Redcoat held up his right wing and sure enough
 there was a little
stick projecting from both sides close up to the shoulder. The
wing was bleeding a little.
"Oh, dear, whatever shall I do, Peter Rabbit? Whatever shall I
do?" sobbed Redcoat.
"Does it pain you dreadfully?" asked Peter.
Redcoat nodded. "But I don't mind the pain," he hastened to say.
"It is the thought of what MAY happen to me."
Meanwhile Mrs. Tanager was flying about in the tree tops near at
hand and calling anxiously. She was dressed almost wholly in
light olive-green and greenish-yellow. She looked no more like
beautiful Redcoat than did Mrs.
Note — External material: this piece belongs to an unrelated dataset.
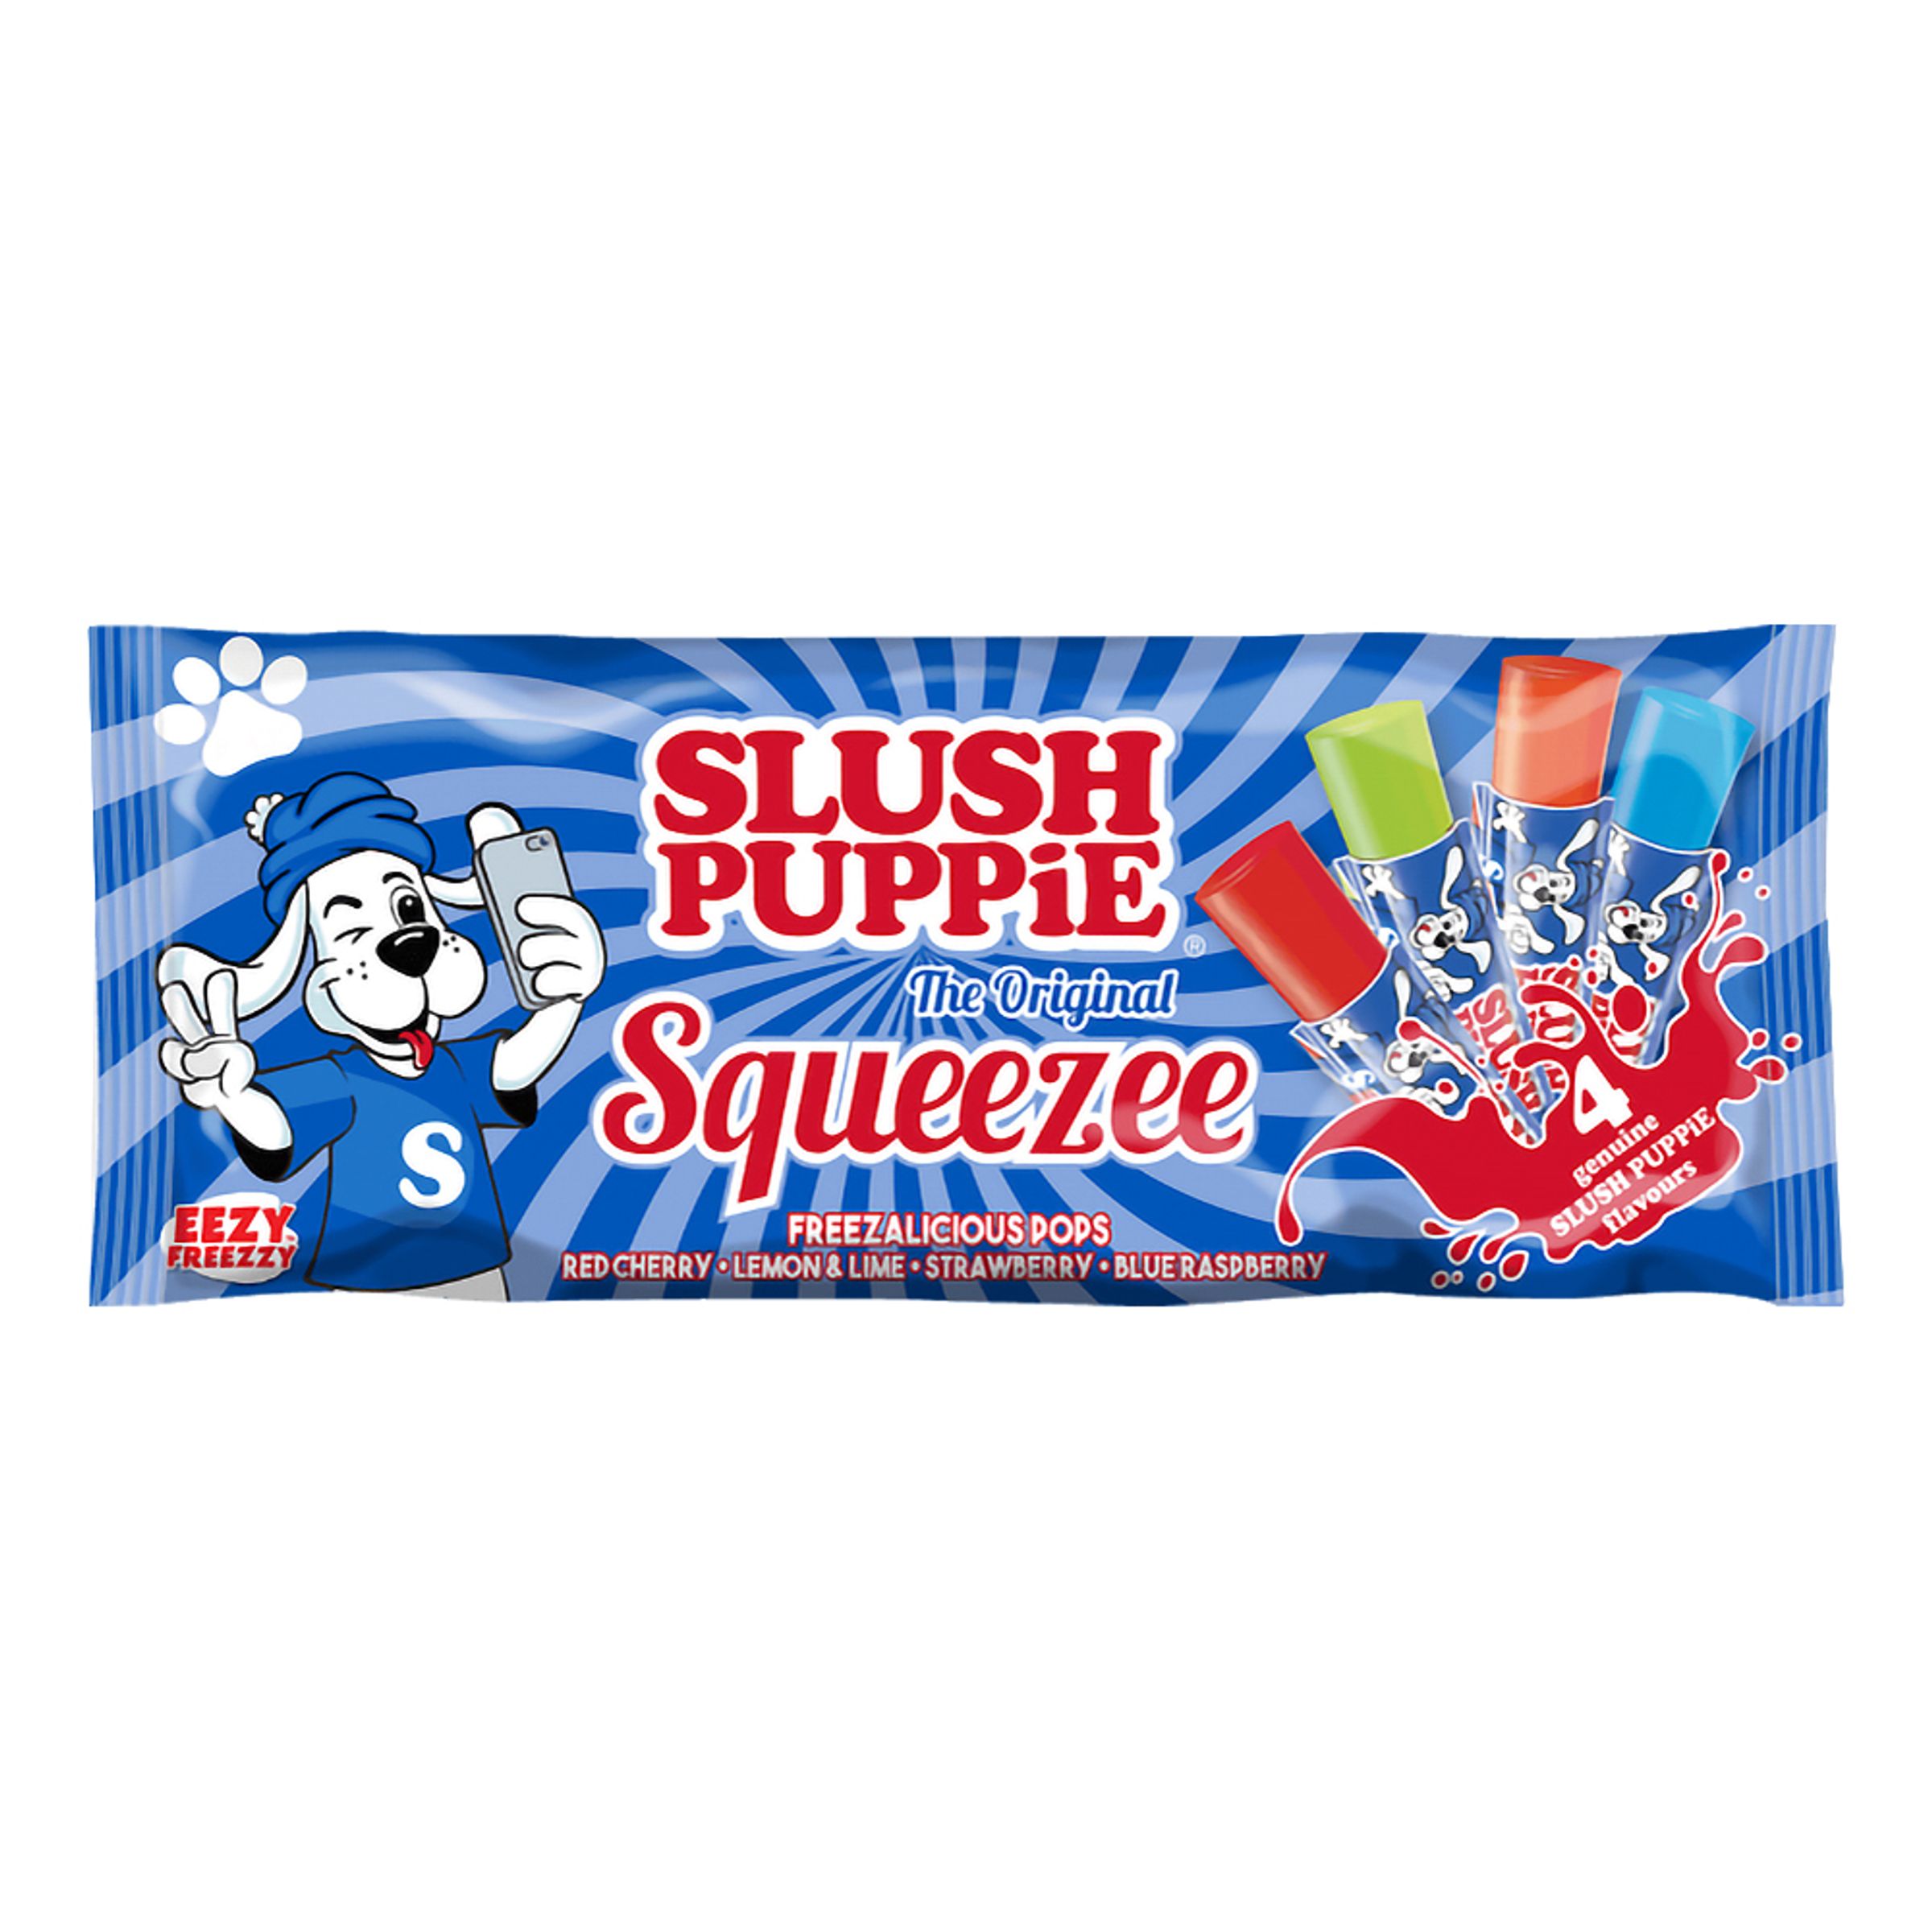 SLUSH PUPPiE Squeezee Freeze Pops - 10-pack
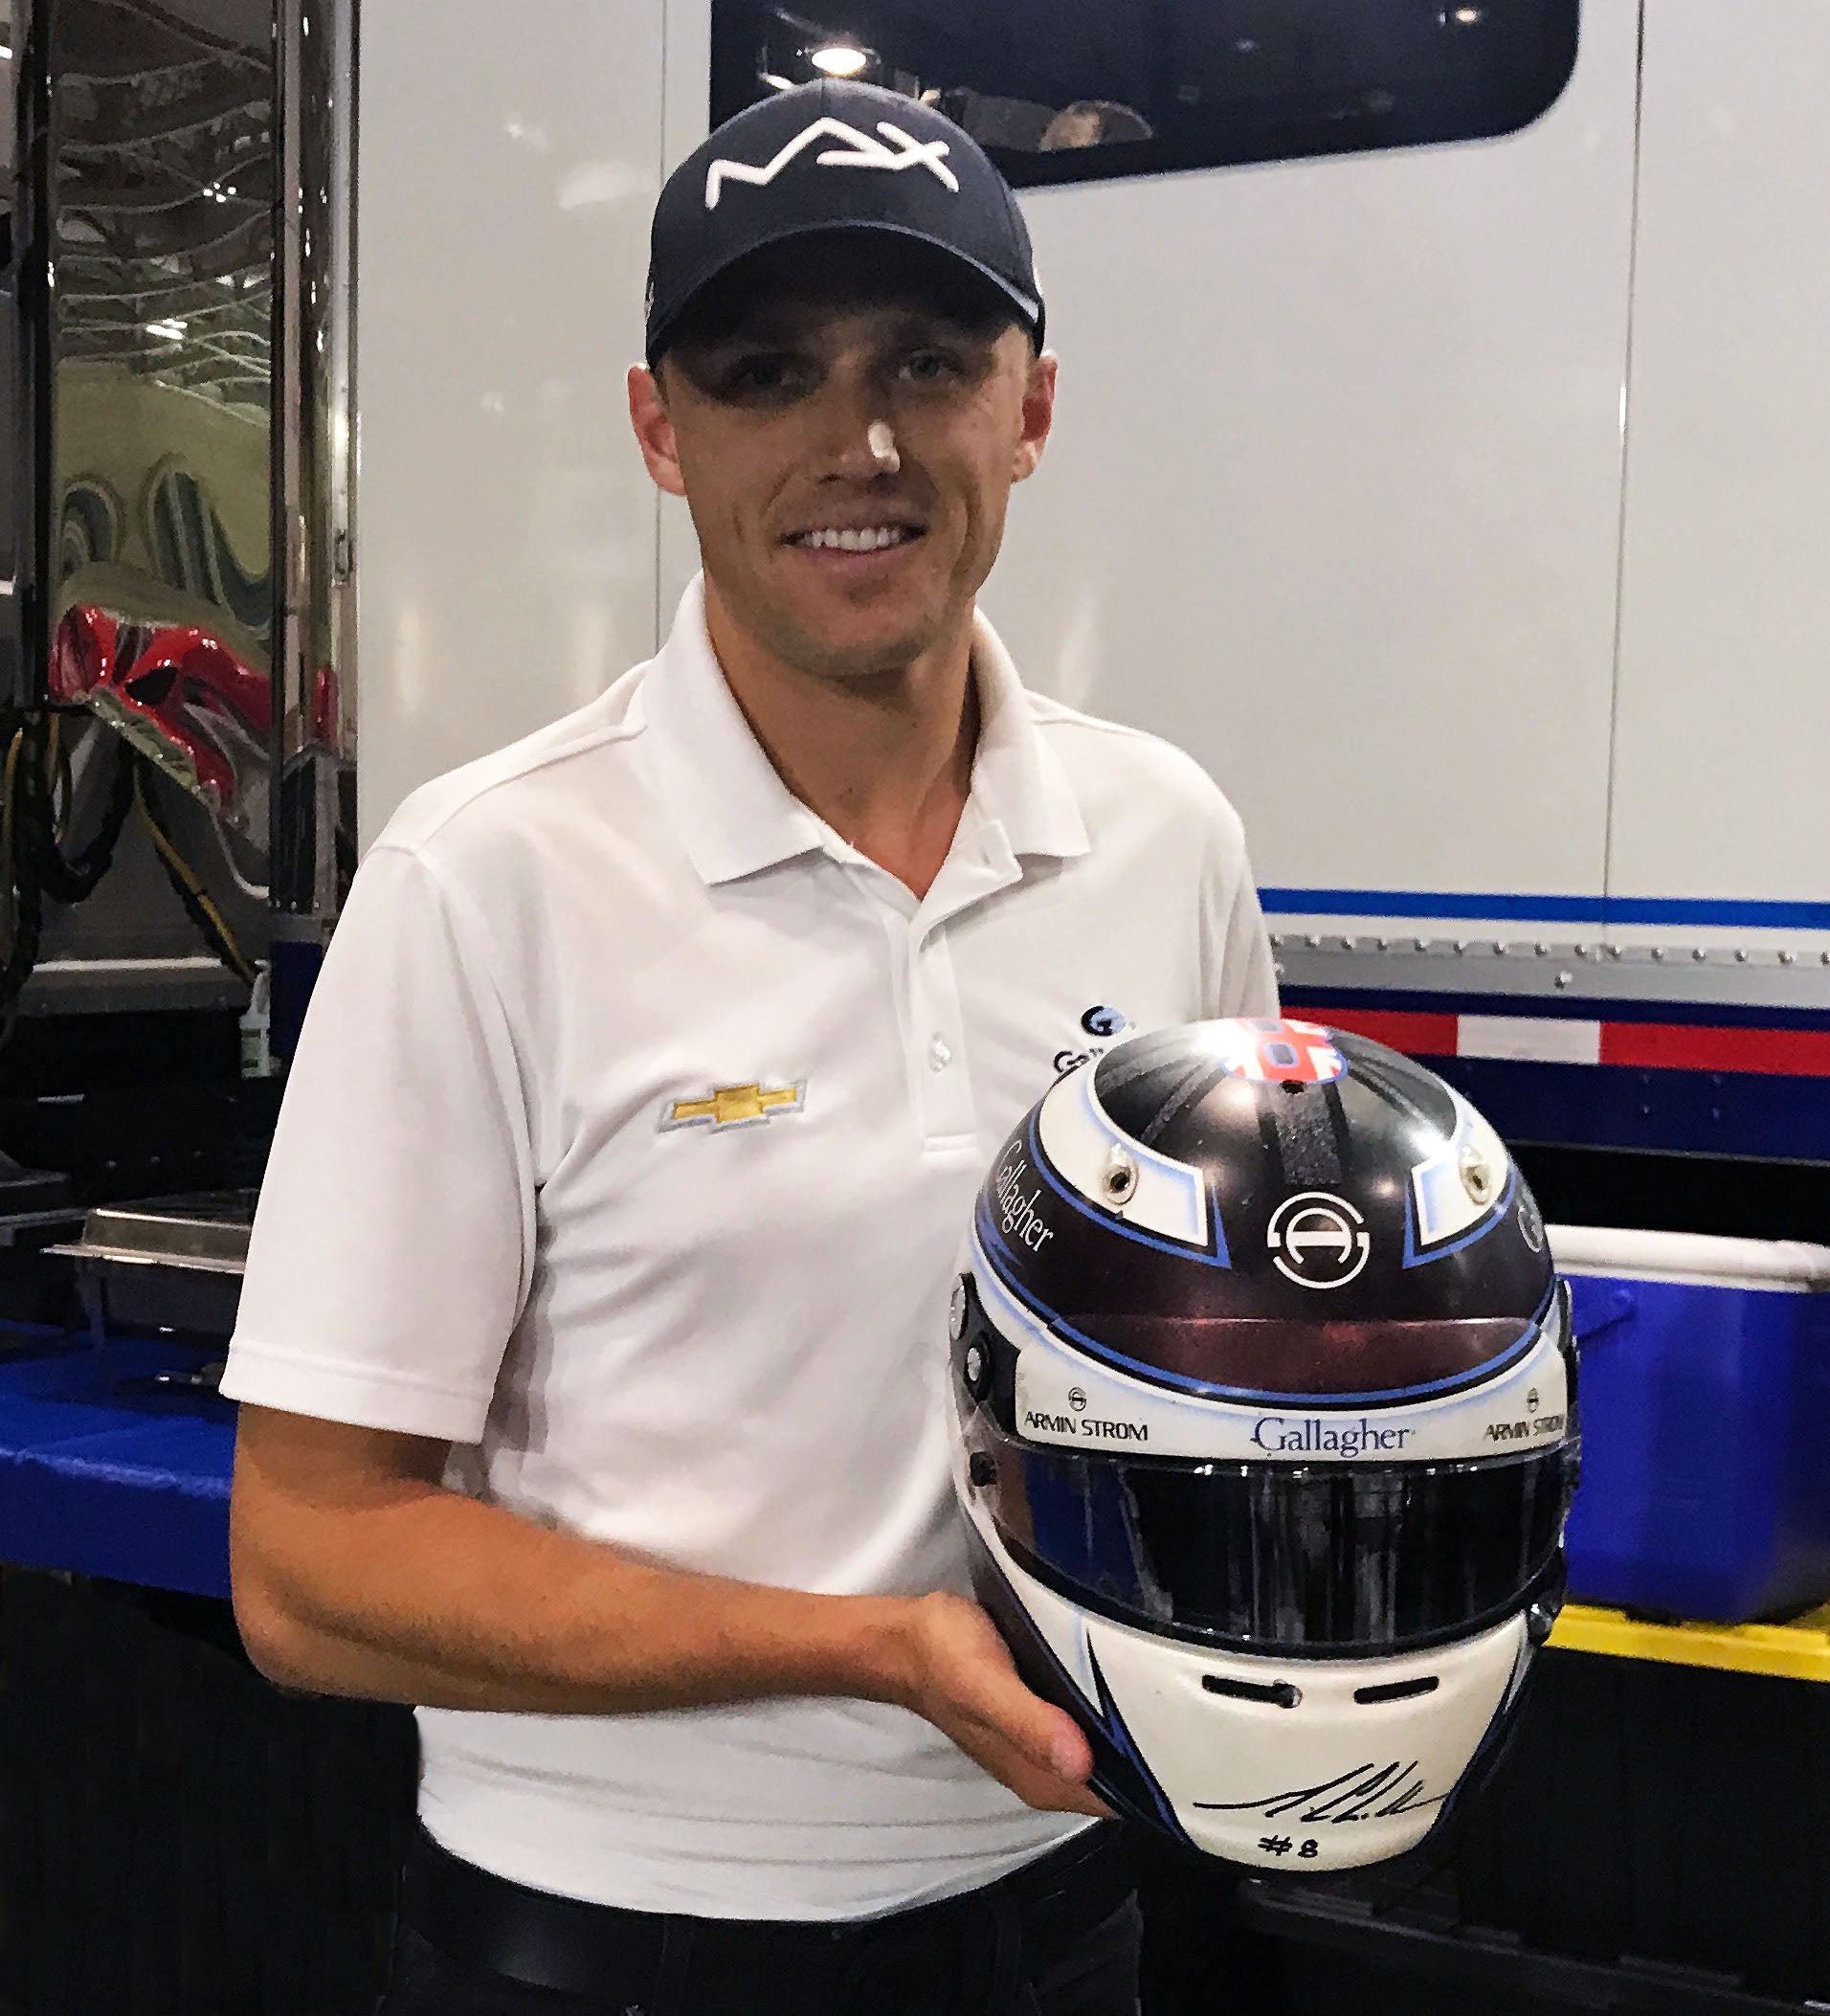 2017/18 Max Chilton Signed Race Used IndyCar Helmet

Grosbeak like Rosebreast.
"Can't you fly up just a little way so as to get off the ground?"
she cried anxiously. "Isn't it dreadful, Peter Rabbit, to have
such an accident? We've just got our nest half built, and I don't
know what I shall do if anything happens to Redcoat. Oh, dear,
here comes somebody! Hide, Redcoat! Hide!" Mrs. Tanager flew off
a short distance to one side and began to cry as if in the
greatest distress. Peter knew instantly that she was crying to
get the attention of whoever was coming.
Poor Redcoat, with the old look of terror in his eyes, fluttered
along, trying to find something under
 which to hide. But there
was nothing under which he could crawl, and there was no hiding
that wonderful red coat. Peter heard the sound of heavy
footsteps, and looking back, saw that Farmer Brown's boy was
coming. "Don't be afraid, Redcoat," he whispered. "It's Farmer
Brown's boy and I'm sure he won't hurt you. Perhaps he can help
you." Then Peter scampered off for a short distance and sat up to
watch what would happen.
Of coarse Farmer Brown's boy saw Redcoat. No one with any eyes at
all could have helped seeing him, because of that wonderful
scarlet coat. He saw, too, by the way Redcoat was acting, that he
was in great trouble. As Farmer Brown's boy drew near and Redcoat
saw that he was discovered, he tried his hardest to flutter away.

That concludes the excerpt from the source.